Watergate and Regulatory Burden
What do the infamous Watergate scandal and overwhelming regulatory burden on community banks have in common? “Follow the Money.” Many of us remember this quip from the Watergate scandal. It was another way for “Deep Throat,” the most famous source in American history, to say “connect the dots.” So let’s follow the money and see if we can find the answer to why community banks are being crushed by regulatory overkill.
Today, just five banks, less than 1 percent of total U.S. banks, hold 40 percent of the nation’s deposits. Just 10 banks hold 55 percent. And fewer than 100 banks, or 1.2 percent, hold more than 80 percent of the nation’s total banking assets. In fact, since the crisis began, the very banks that triggered a global financial meltdown have actually gotten bigger!

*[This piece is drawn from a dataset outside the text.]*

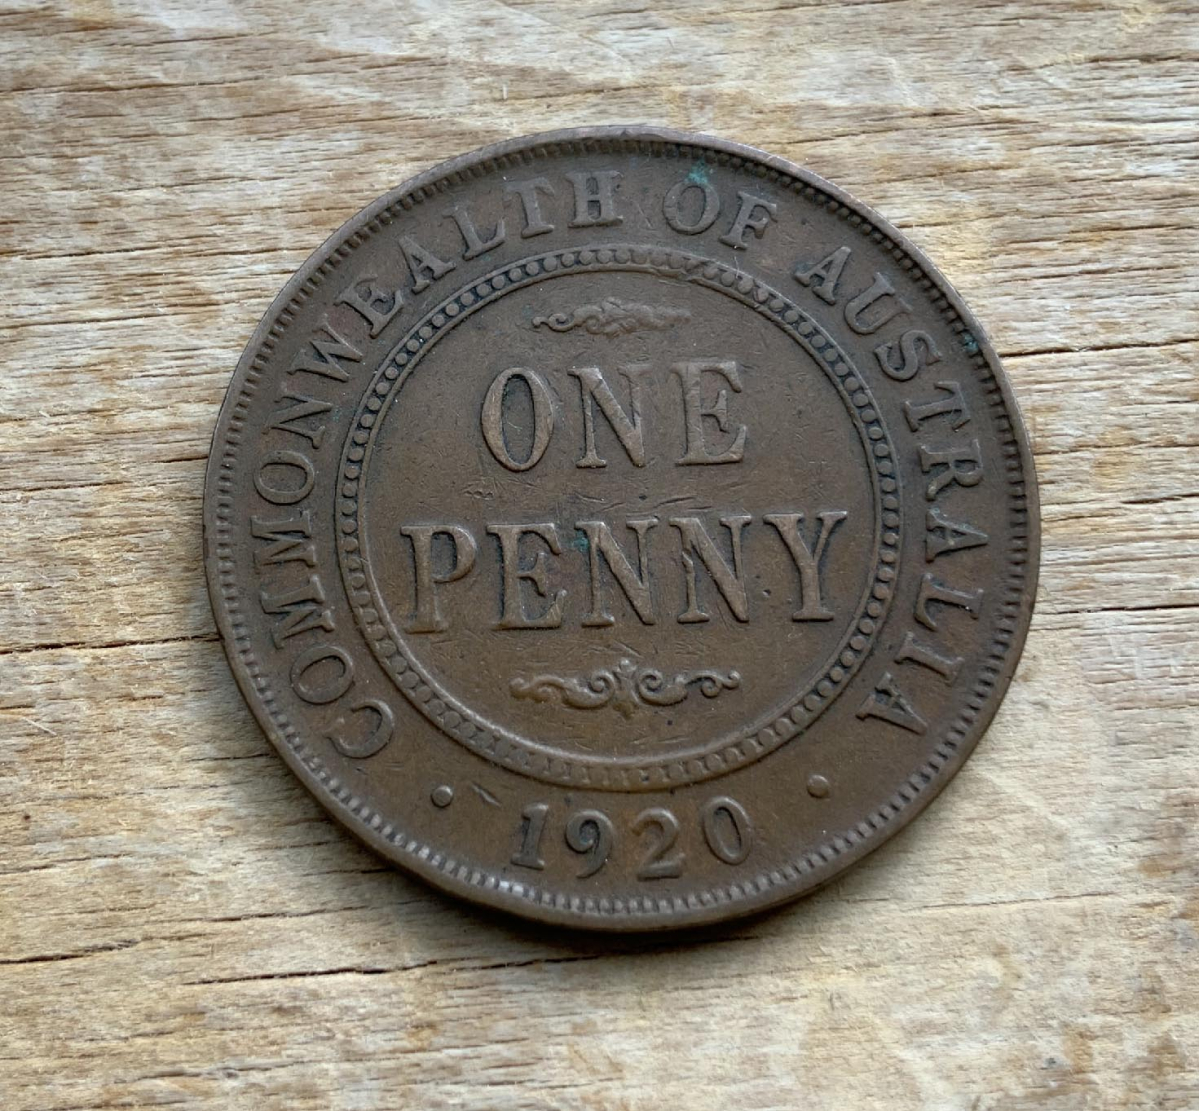 Scarce 1920 no dots Australian penny coin C335

Over the past 30 years, as our nation’s banking system became more and more concentrated in fewer and fewer hands, the federal regulatory agencies and Congress moved to protect consumers and curtail abuses that almost naturally come with unbridled growth and sheer size. At some point an institution becomes so large that corporate objectives gain primacy over customer care. That is because at some point an institution’s sheer size or monopoly on a product makes a single individual not count for much. We have all experienced the frustration of dealing with on-line automated “help desks,” gate agents at an airport, or the local DMV. To a business that employs nearly 500,000 worldwide and serves tens of millions of customers around the globe, what is the value of a single individual relationship?
Contemporaneous with the rapid concentration of banking assets and the creation of too-big-to-fail institutions came the phenomena of the burgeoning “shadow” banking industry, which operated largely outside the reach of bank regulators and had little or no oversight or constraints on the types of products offered to customers or whether the products offered were appropriate for various customer types. Again, the major focus of these unregulated financial firms was growth and investor return. And once again, customers became just a commodity to be churned through the product mill.
When that happens, businesses get sloppy, executives begin to think they are “bulletproof” and customer abuse begins to creep into the firm’s business practices. When customer abuse becomes widespread, government invariably steps in and acts. And those actions lead to regulations that are not selectively applied just to the banks or shadow financial firms that became insensitive to or abused their customers, but more broadly to all banks—whether they engaged in reckless activities or not.
As the saying goes, “one bad apple spoils the barrel.” And voila, staggering regulatory burden on the institutions that had nothing to do with the abuses, greed or overreach that caused the problems in the first place. And that is why community banks suffer from regulatory overkill.
For nearly three decades, abuses by the few have caused regulatory pain for the many. And this is why ICBA has fought hard for a regulatory and examination system that recognizes that community banks are not the abusers and deserve a different regulatory standard—a standard that recognizes that the community bank has a fundamentally different business model than the largest banks and non-bank financial firms. Community banks make and hold loans and stay close to their customers. It is a business model based on relationship banking, not the business model preferred by the largest Wall Street banks, which use a transaction-based business model. Both models are valid and necessary; however, ICBA fundamentally believes that these two very different business models require different examination and regulation schemes.
So the next time you hear policymakers say that “the financial crisis was not the fault of the community banks down on Main Street,” let’s all hope that they put their words into actions and do NOT reject a two-tier regulatory and examination framework.